What to work on -> The listing below should be printed again word for word, without any images.

··· The data

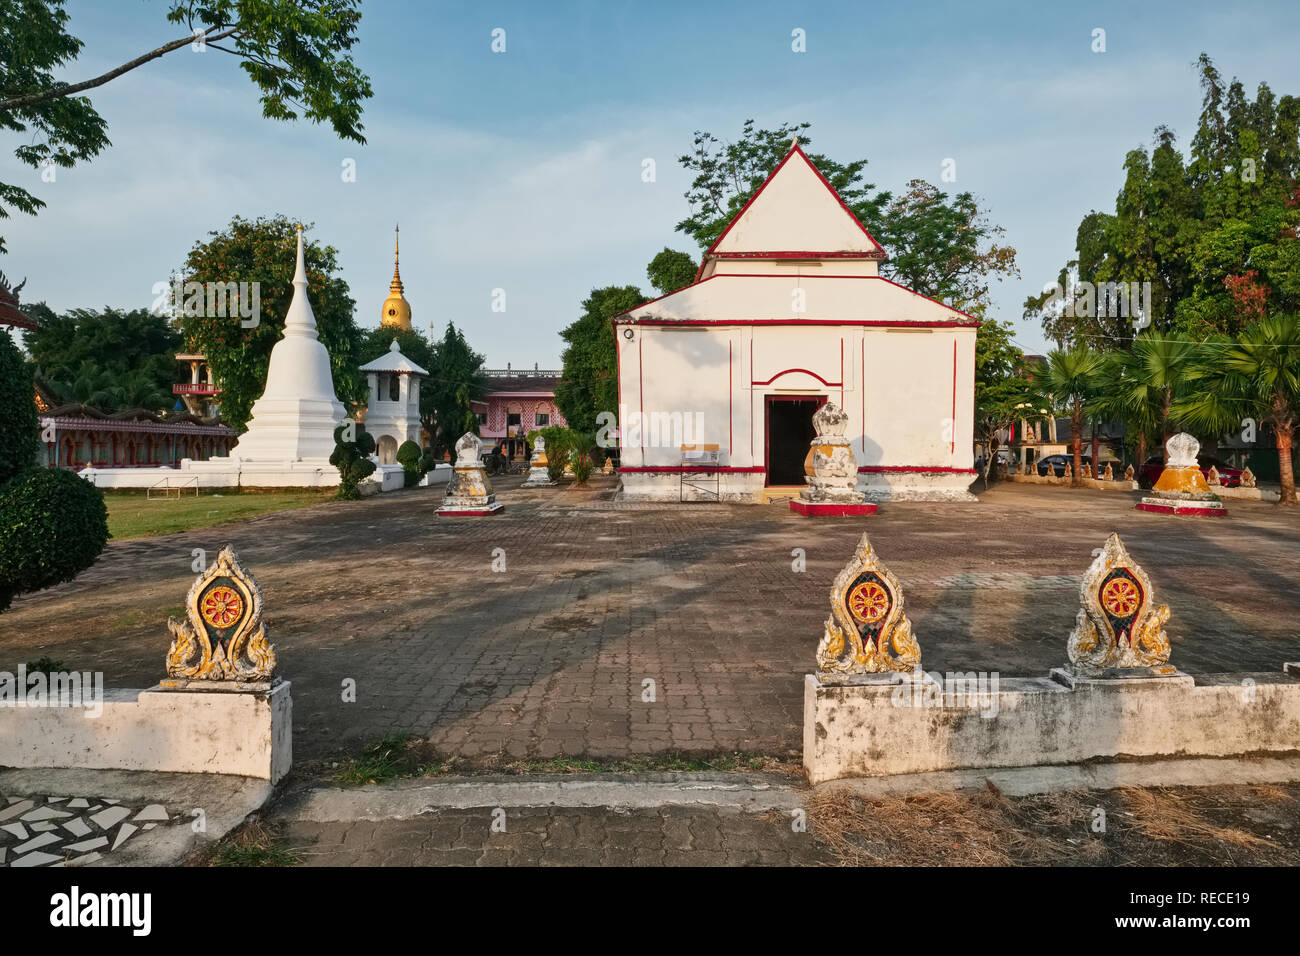 Il vecchio, storicamente imprtant Bot o Ubosot (ordinazione hall; destra) di Wat Phra Nang Sang, Thalang, Phuket, Tailandia; anteriore: Sema o pietre di confine Foto Stock
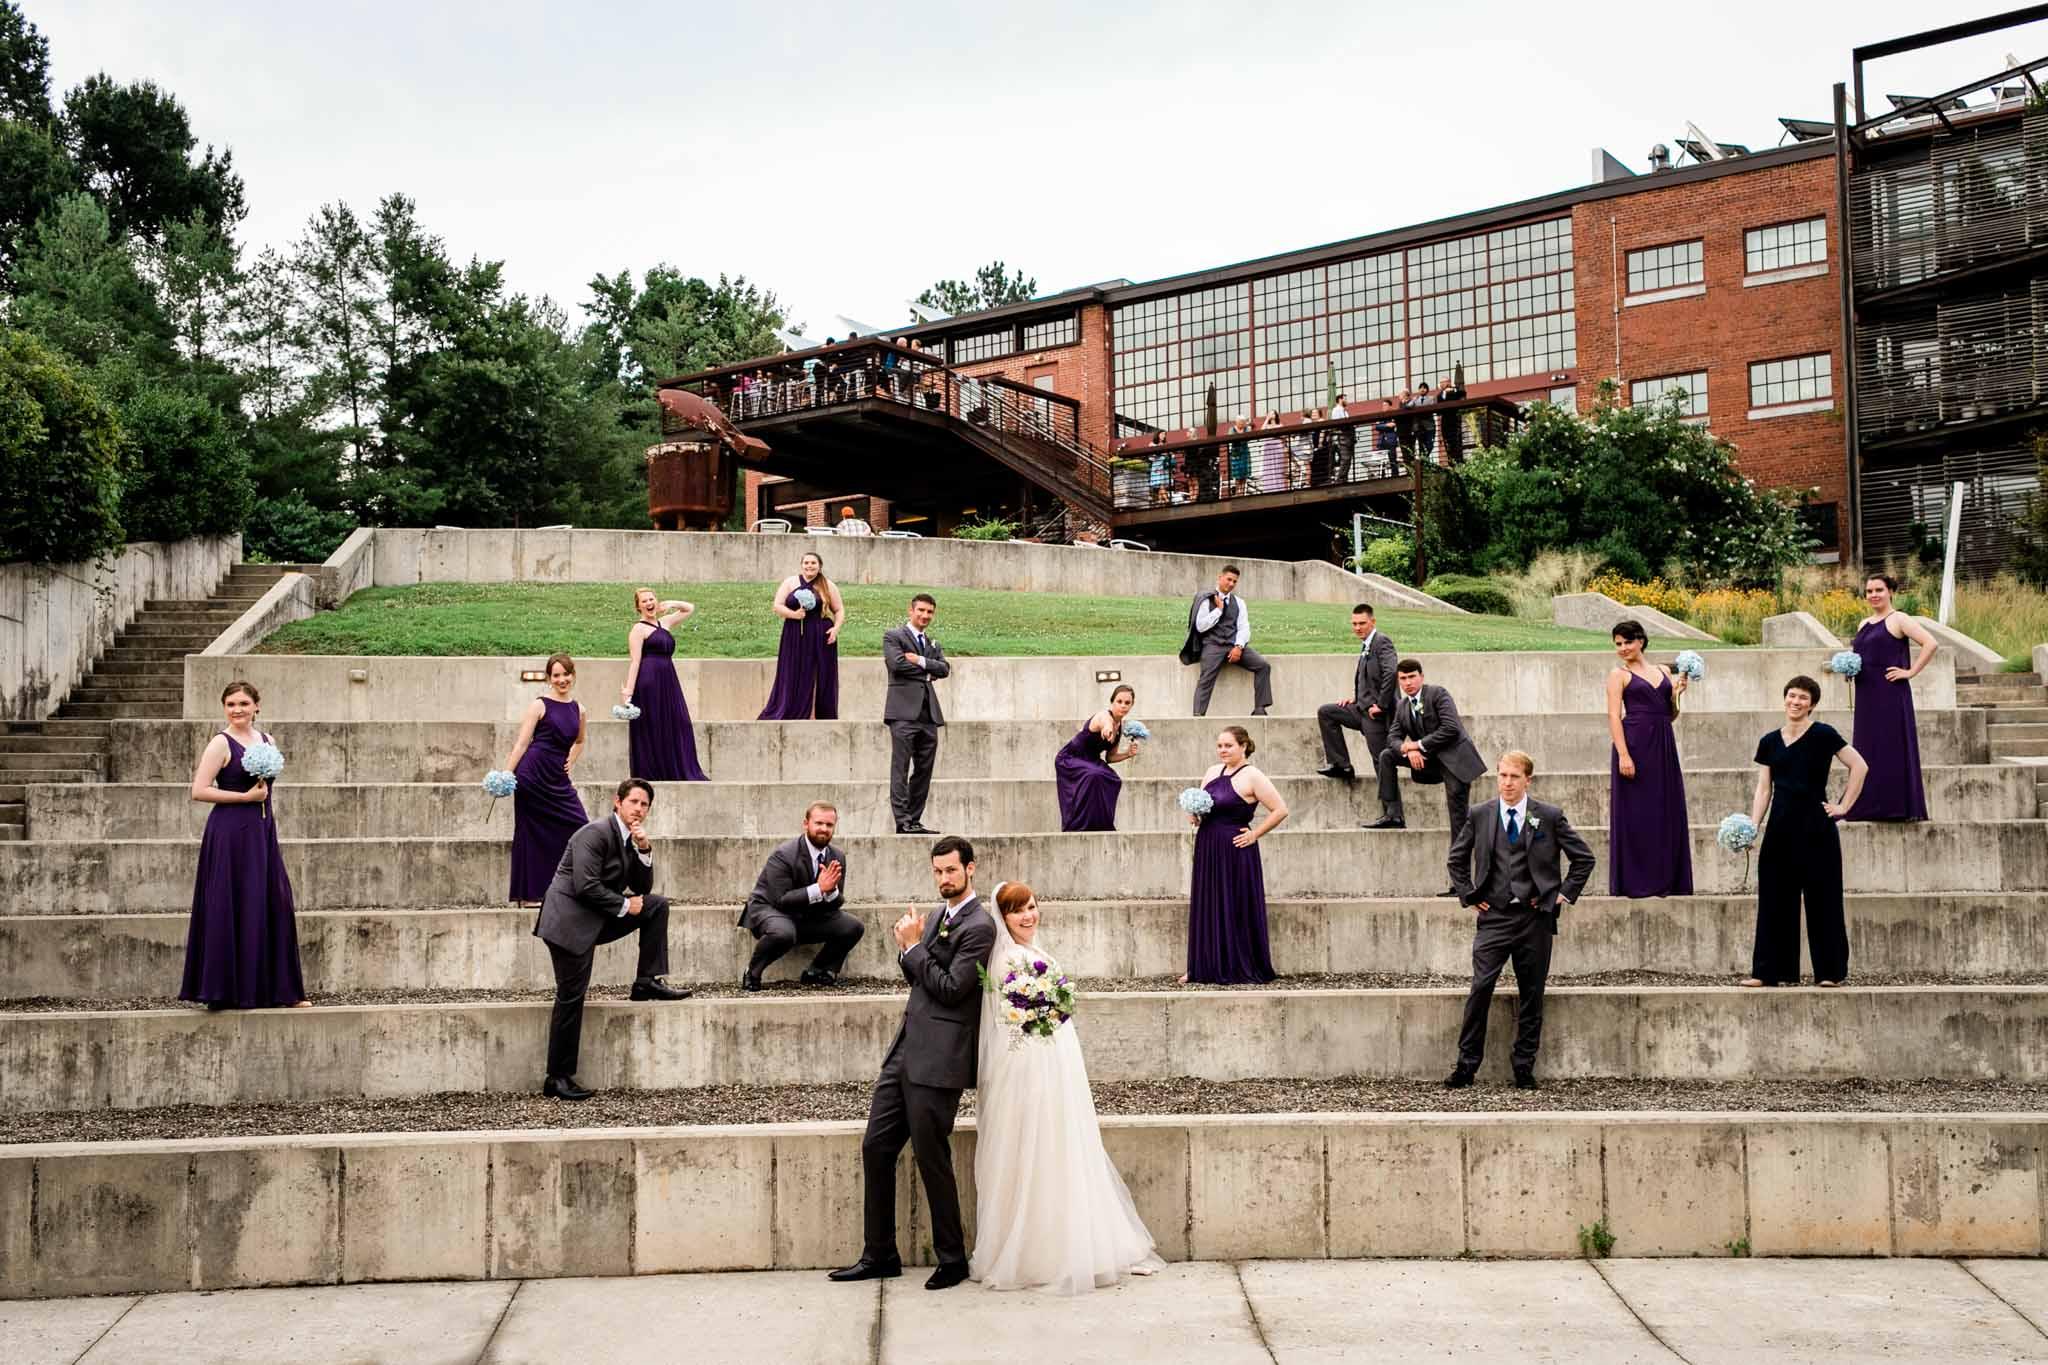 Haw River Ballroom Wedding   Portrait of wedding party   Durham Wedding Photographer   By G. Lin Photography
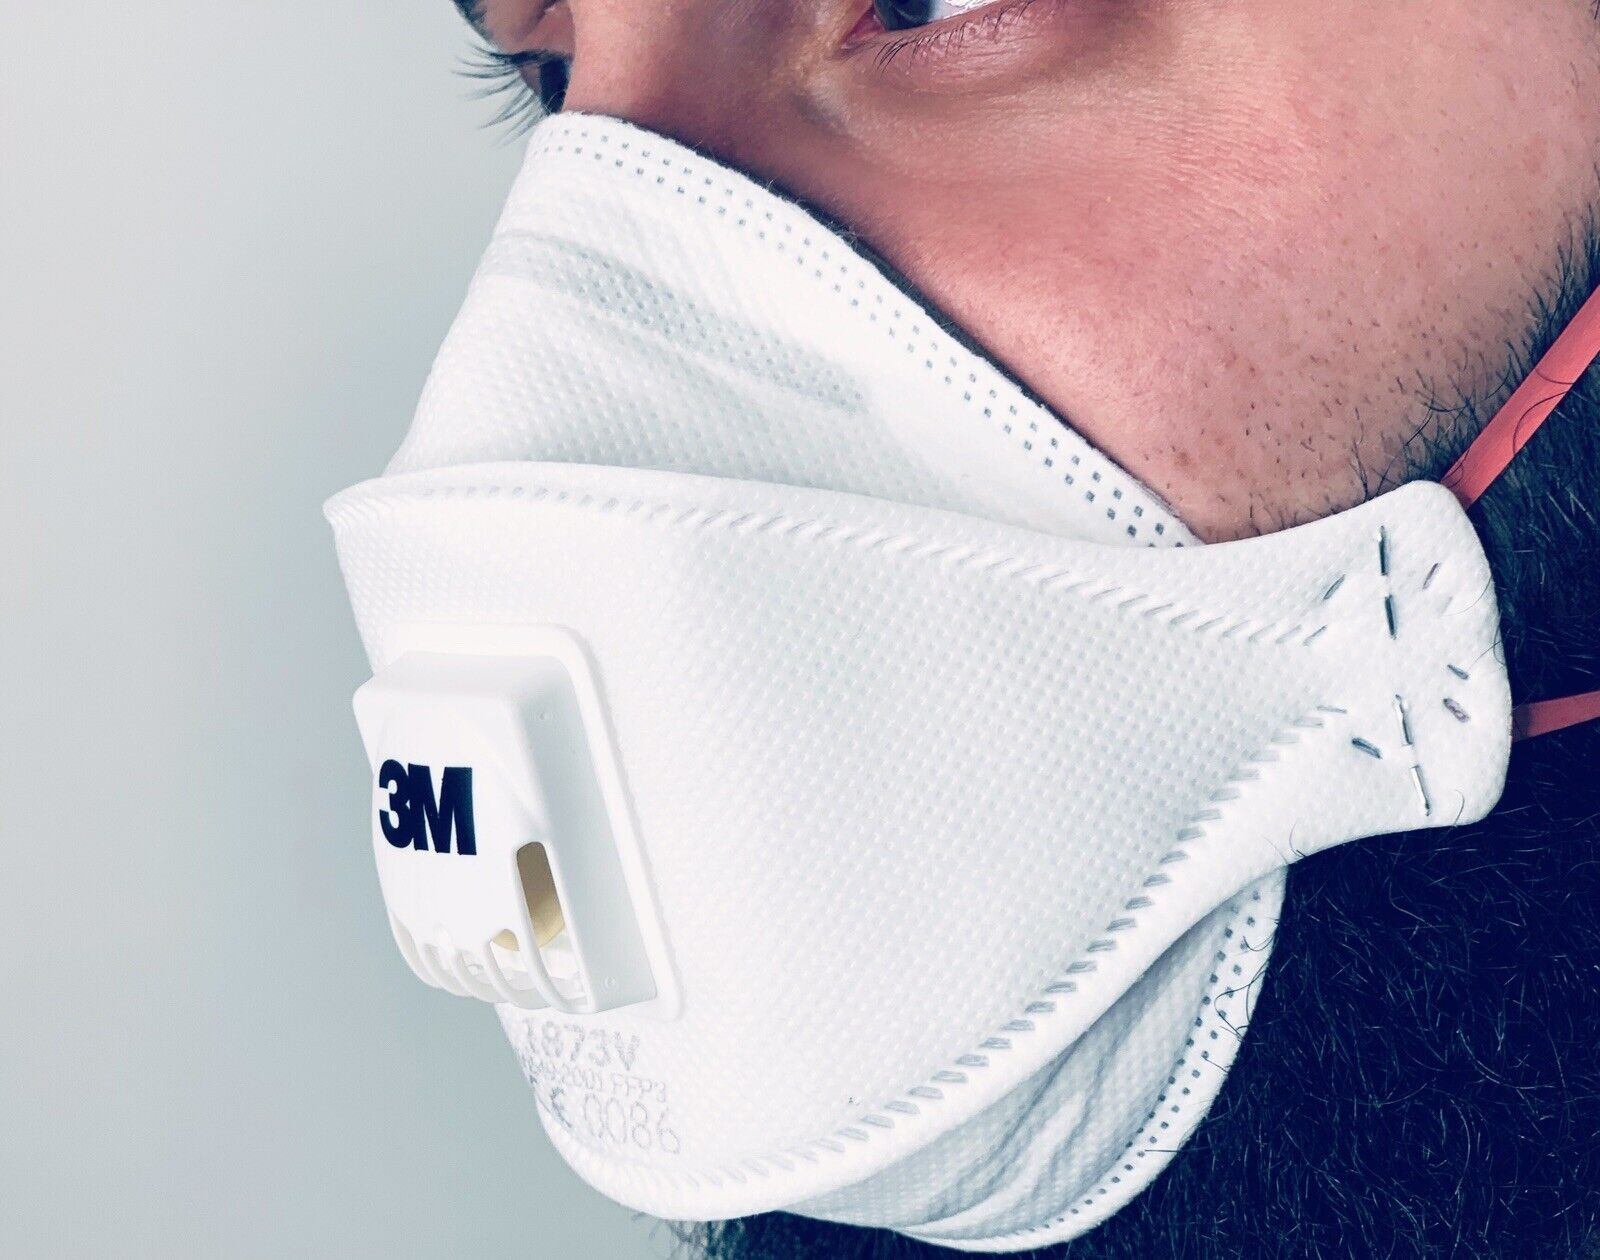 1St. 3M Atemschutzmaske FFP3 Feinstaubmaske 1873V Mundschutz Staubmaske Ventil

······

Written answer ->
 Il vecchio, storicamente imprtant Bot o Ubosot (ordinazione hall; destra) di Wat Phra Nang Sang, Thalang, Phuket, Tailandia; anteriore: Sema o pietre di confine Foto Stock
 Haw River Ballroom Wedding   Portrait of wedding party   Durham Wedding Photographer   By G. Lin Photography
 1St. 3M Atemschutzmaske FFP3 Feinstaubmaske 1873V Mundschutz Staubmaske Ventil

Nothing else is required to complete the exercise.